Baltic Sea reports contain news of further cargoes loading out of Saint Petersburg and Vyborg, but destinations for the parcels can only be guessed until the vessels’ arrival is recorded in discharge ports. Another large cargo of around 8,000-10,000 tons loaded possibly out of Vyborg again, this being a repeat cargo of the 6,000 tons that loaded towards the end of last year for receivers in Nigeria. It is considered that this cargo was done by a trader based in Minsk.

Russian cargoes moving to the United Arab Emirates and Singapore should be given safe passage through the Bab-al-Mandeb Strait by Houthi rebels, but after the strike on the Chinese vessel last weekend this may be in doubt, but it was announced in the national press today that a meeting had taken place between Houthi leaders and representative from Russia and China last week. This meeting was held in Oman.

Lotos material which was available from Gdansk did not go to export, with offered prices considered too low. The material was distributed into the local domestic market, where demand is rising against the dearth of availabilities in Northern Europe.

Russian FOB prices for SN 150 and SN 500 from St. Petersburg are indicated at extremely low levels, $505/t-$520/t for SN 150 and SN 500 at around $530/t. SN 900 could be available at around $565/t, using Russian SN 1200 or quantities of low spec Russian bright stock, blended with either SN500 or SN 150 to determine correct viscosity.

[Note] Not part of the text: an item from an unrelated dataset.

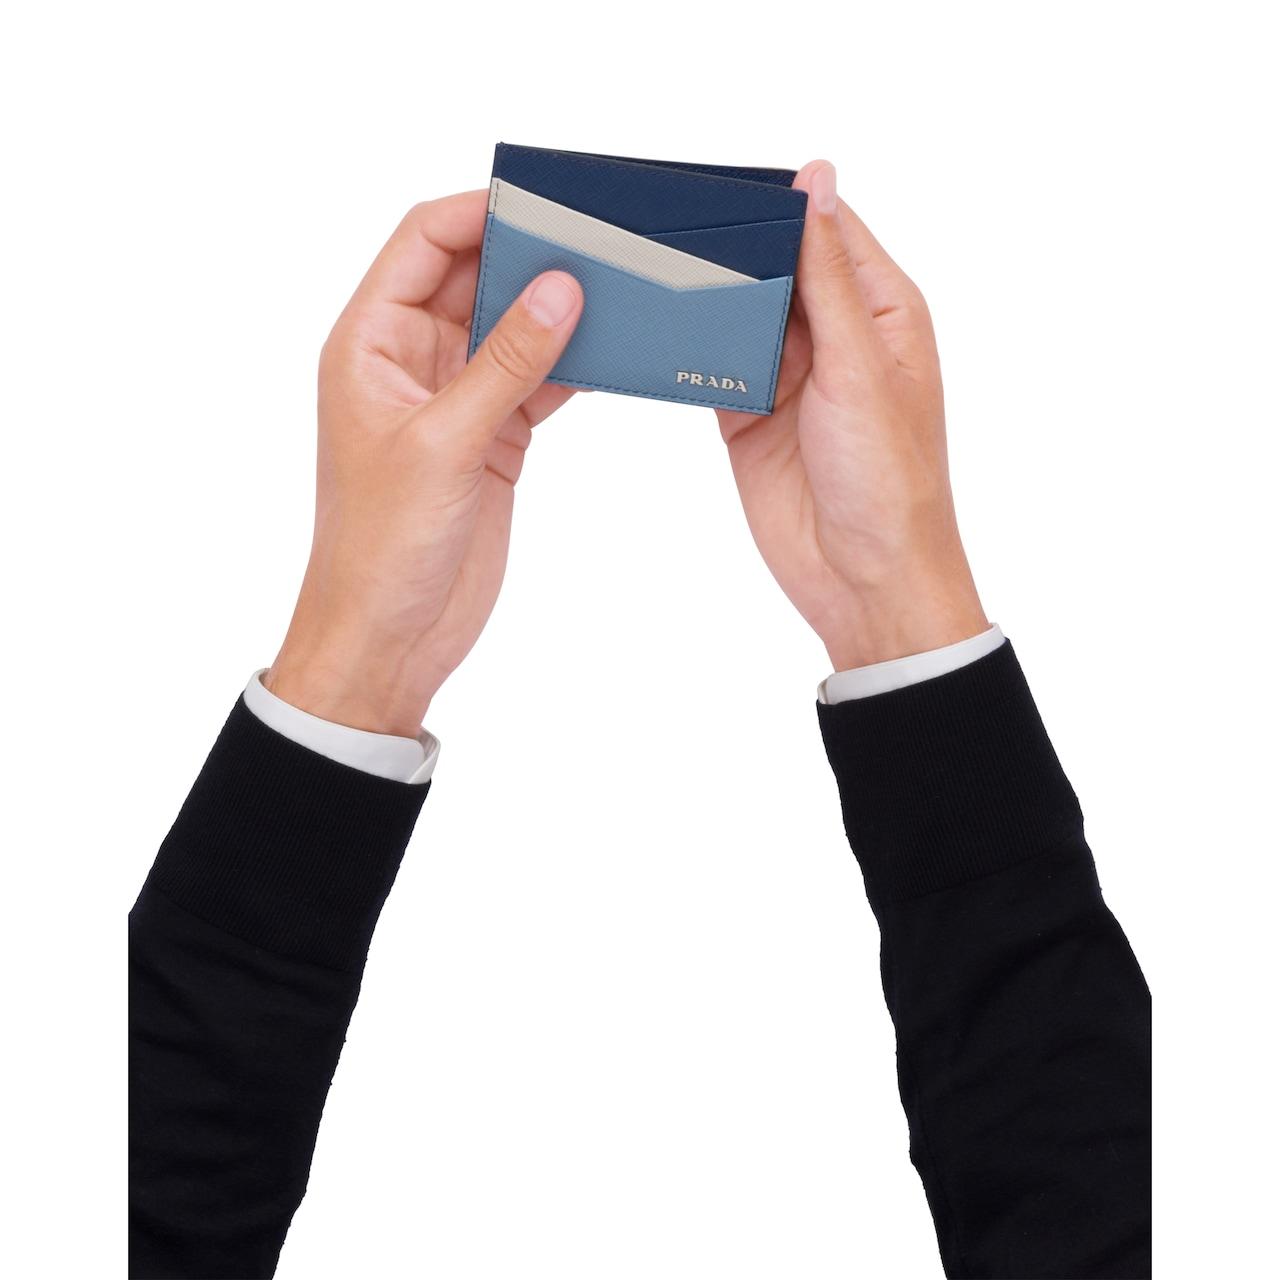 Prada Saffiano leather card holder 2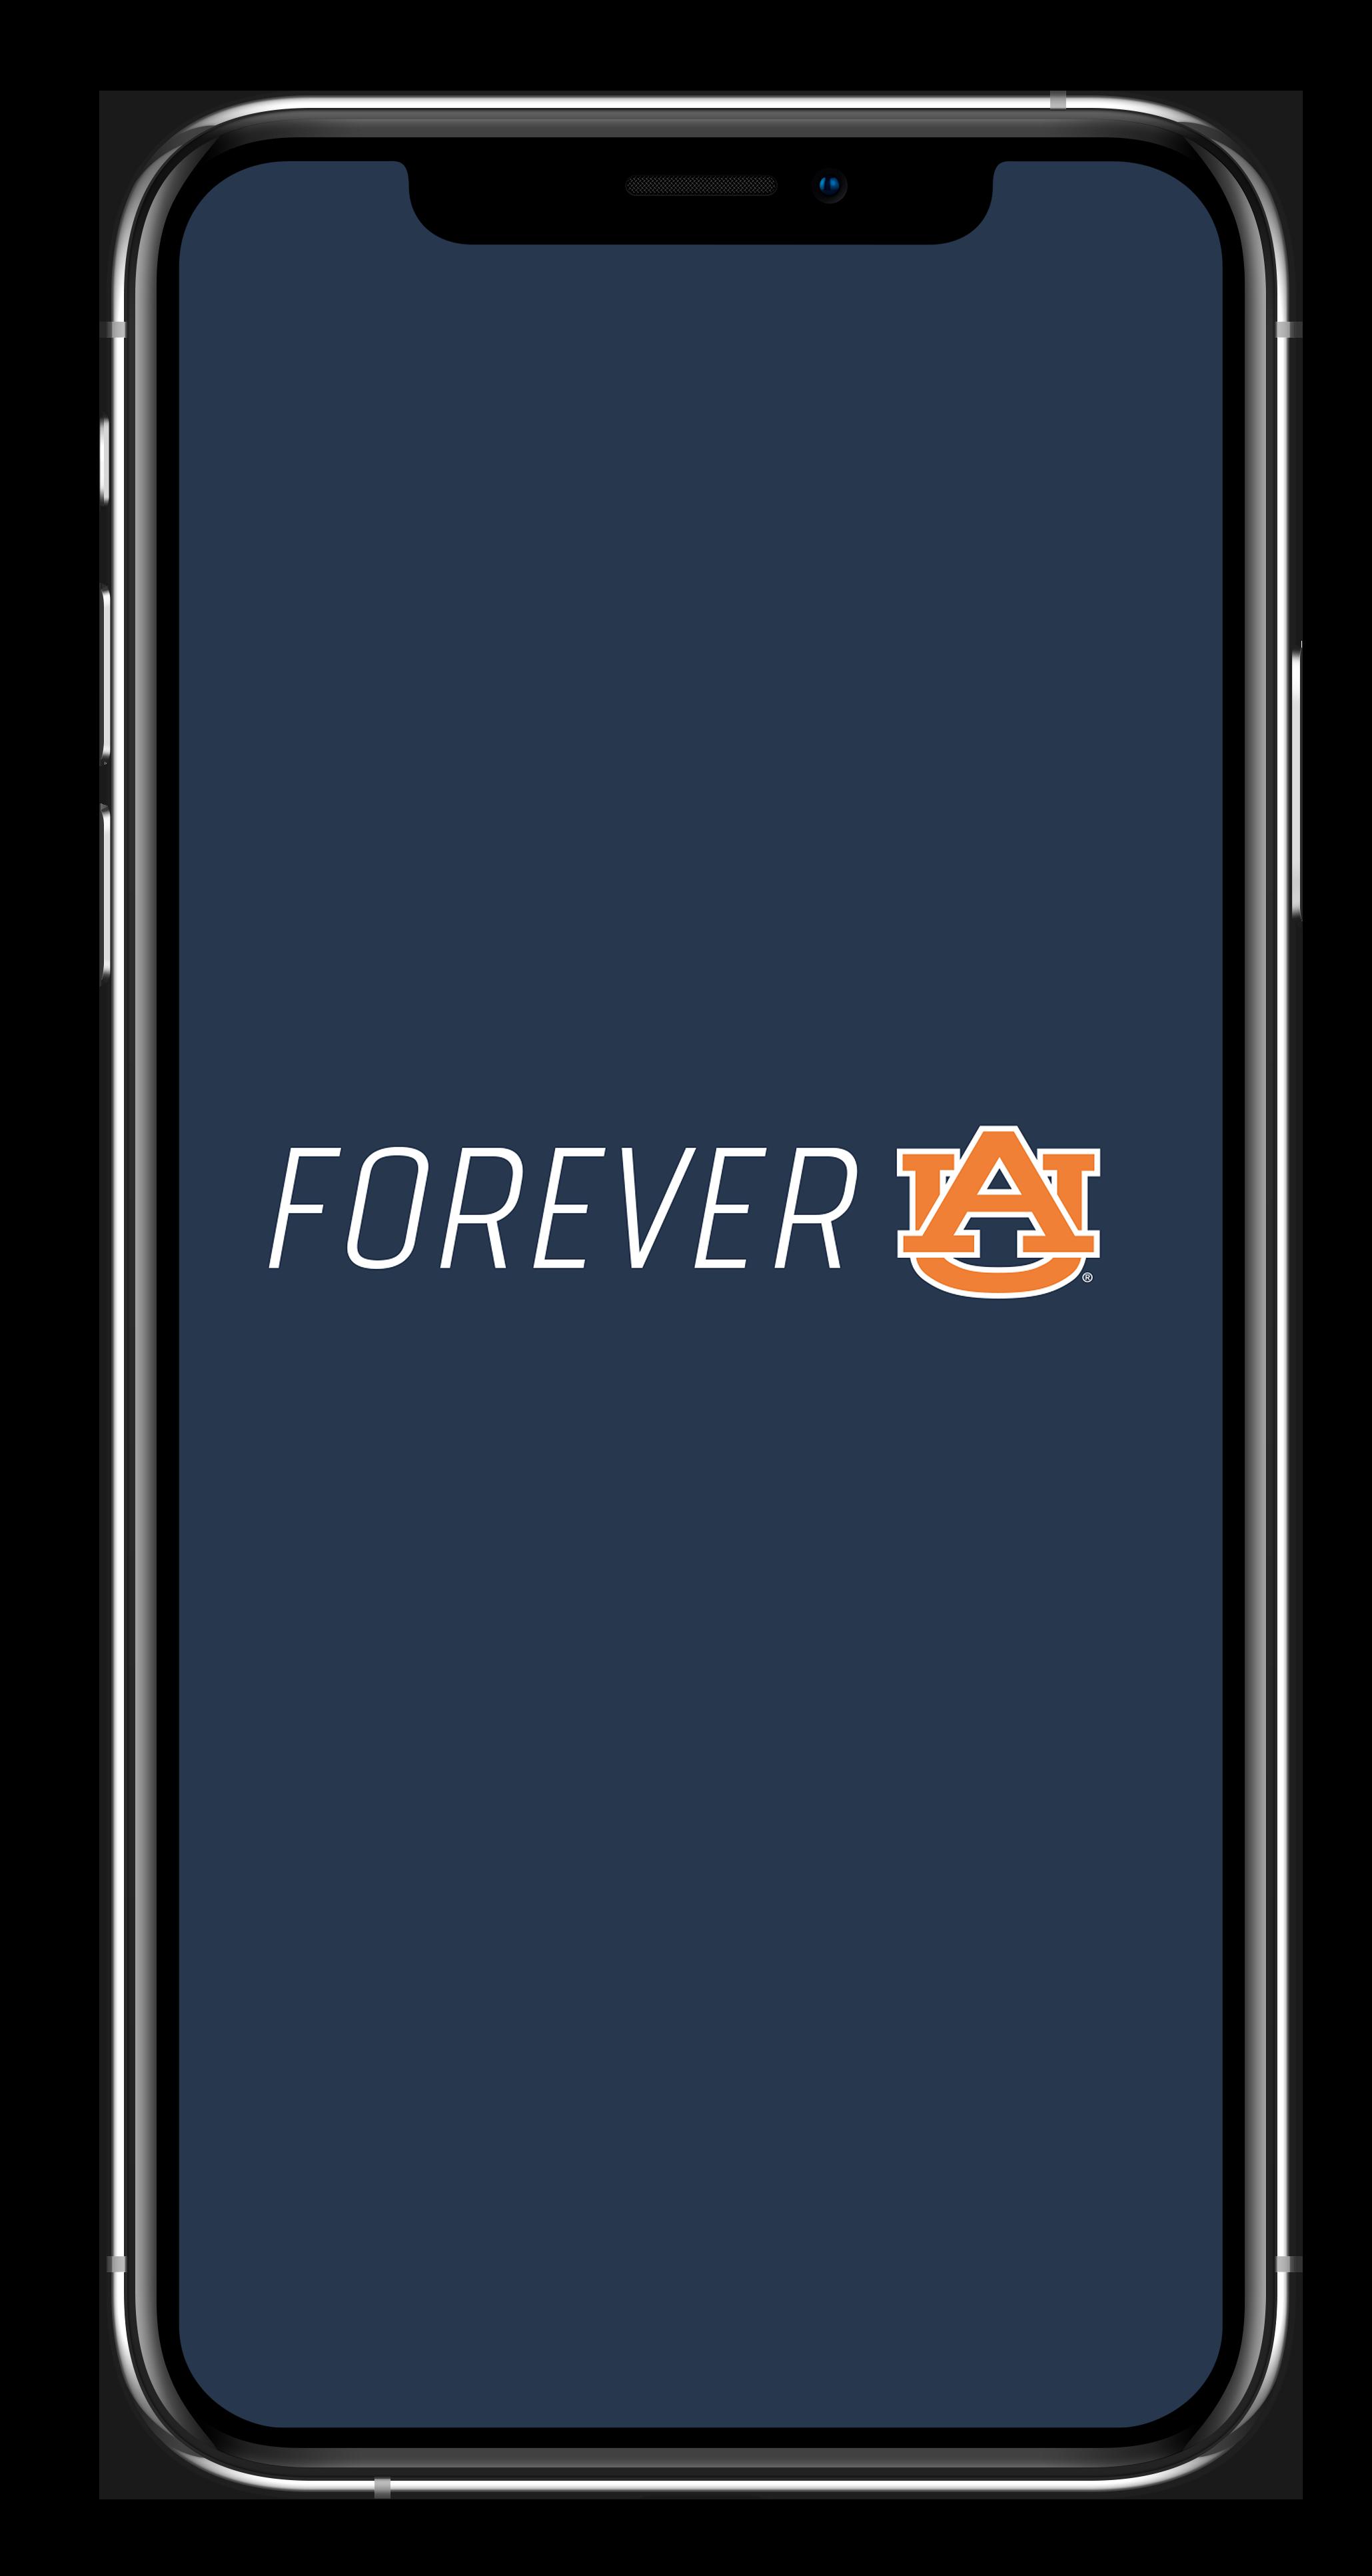 Forever AU phone app

Turkish base oil markets have a continuing influx of Russian base oils but with comments from a number of blenders that there is poor demand for finished lubricants in Turkey. Low priced lubricants are coming into the Turkish market from the U.A.E., being moved by truck through Iraq, Kuwait, and Saudi Arabia because most container traffic in the Red Sea is currently suspended.

Inflation levels are reported as “officially” being at 68%, but many disagree with government-issued numbers and put actual inflation above 80%. The Central Bank is pushing interest rates ever higher to contain the levels. Russian base oil imports are thought to be conducted on a government-to-government basis, but details of this scheme are not available.

Russian exports of SN 150 and SN 500 are moving out of the Baltic Sea, discharging into Gebze port. These imports are in addition to material coming out of Volgograd refinery. Cargoes for the U.A.E. are being loaded out of Limas terminal and are being sent southward through Suez, transiting the Red Sea on the proviso of “safe passage” from the Houthi rebels in Yemen.

Tupras at Izmir issued new prices a couple of weeks ago that are still valid this week. Levels ex-refinery: spindle oil is priced at $965/t (Tl 31,116), SN 150 at $907/t (Tl 29,269), SN 500 at $861/t (Tl 27,784), and bright stock at $1,028/t (Tl 33,167). Prices in Turkish lira are ex-rack plus a loading charge of Tl 5,150/t.

Group II ex-tank prices remain at around €1,175/t-€1,195/t for the three lower vis grades – 100N, 150N and 220N – with 600N at €1,385/t-€1,475/t. Group II grades may be sourced from the Red Sea, the United States, South Korea or Rotterdam, although there may be some problems in obtaining Saudi and South Korean barrels, because of the Red Sea situation.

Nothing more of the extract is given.